Tuesday, August 7, 2018

In short: Dark Beacon (2017)

Warning: even though this is short, I still can’t avoid spoilers!

Amy (April Pearson) has been looking for her former lover Beth (Lynne Anne Rodgers) and Beth’s little daughter Maya (Kendra Mei) for some time, after they just packed up and left. Not that their sudden leaving is much of a surprise, for Beth was married when she and Amy were involved, and was dragged off a cliff and nearly drowned by her husband Christopher in a murder-suicide attempt based on his rather abstract notions of them not making good parents because she’s a self-involved alcoholic and he’s a coward. These mildly sordid details will only come out over the course of the movie.

For reasons, Amy finds Beth and Maya living in a lighthouse that is cut off from the mainland for much of the time. As it will turn out, the lighthouse is the house where hubby grew up. Something is very wrong there too. It is as if Christopher’s ghost is hanging around, planning to finish what he started. Or perhaps Beth is just going insane.

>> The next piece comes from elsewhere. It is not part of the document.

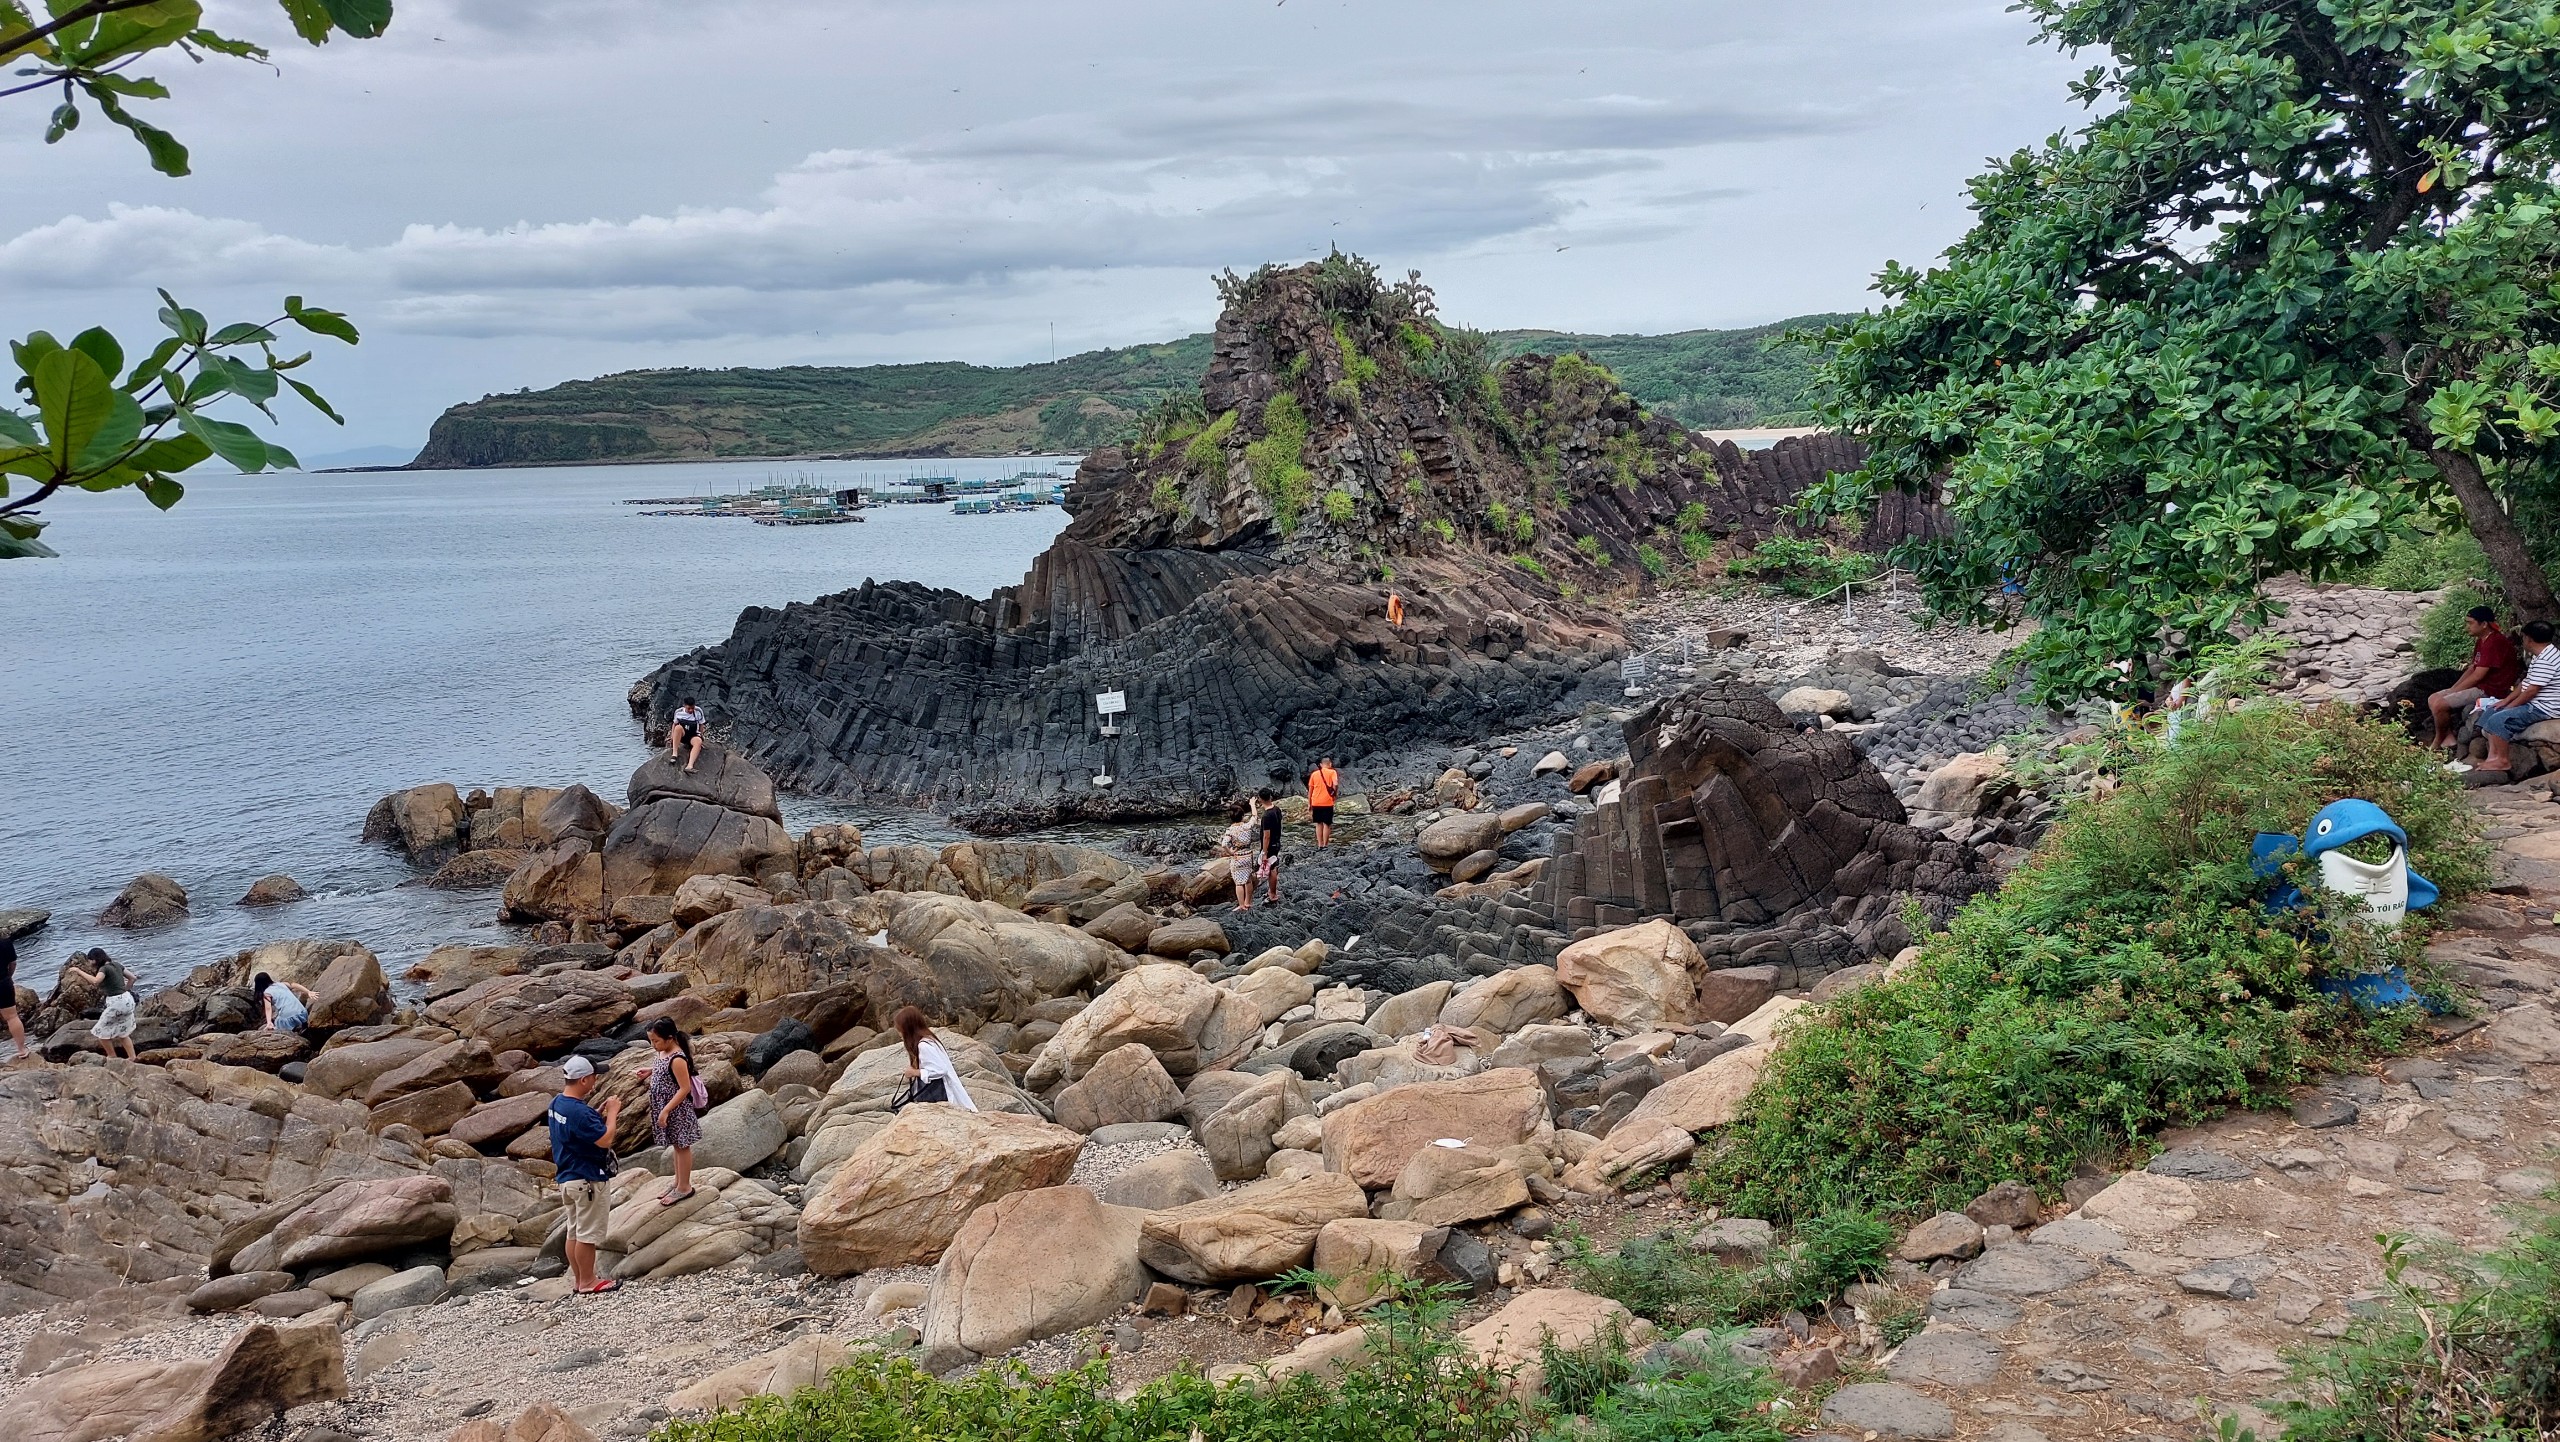 Mùa hè - Du khách chen nhau chụp hình bãi đá cổ triệu năm - 7

As liminal spaces neither belonging completely to the land or the sea, lighthouses are wonderful places to set all kinds of horror films in, be it the more philosophical version of supernatural horror, or, as in the case of Coz Greenop’s Dark Beacon, the psychological kind. The film is, alas, not a terribly successful example of its kind. To work as it should be, psychological horror does need a large degree of precision in characterisation and/or plotting. A film in the genre really needs to give its audience inroads into what goes on in its characters, otherwise we end up with something like this, where a ghost is simply the reason for a scenery-chewing performance of random movie madness instead of anything that feels like the product of actual psychological pressure.


I’m also not terribly fond of the way the film uses the supernatural, or rather, the vagueness in which it does, including scenes that only work if Christopher’s ghost is indeed real, but then letting things play out as if Beth were simply movie-crazy. It doesn’t exactly help the film’s case here that it is all too easy to read the madness as some sort of punishment for Beth’s “loose morals” – if it is indeed meant that way or not, I’m not going to guess.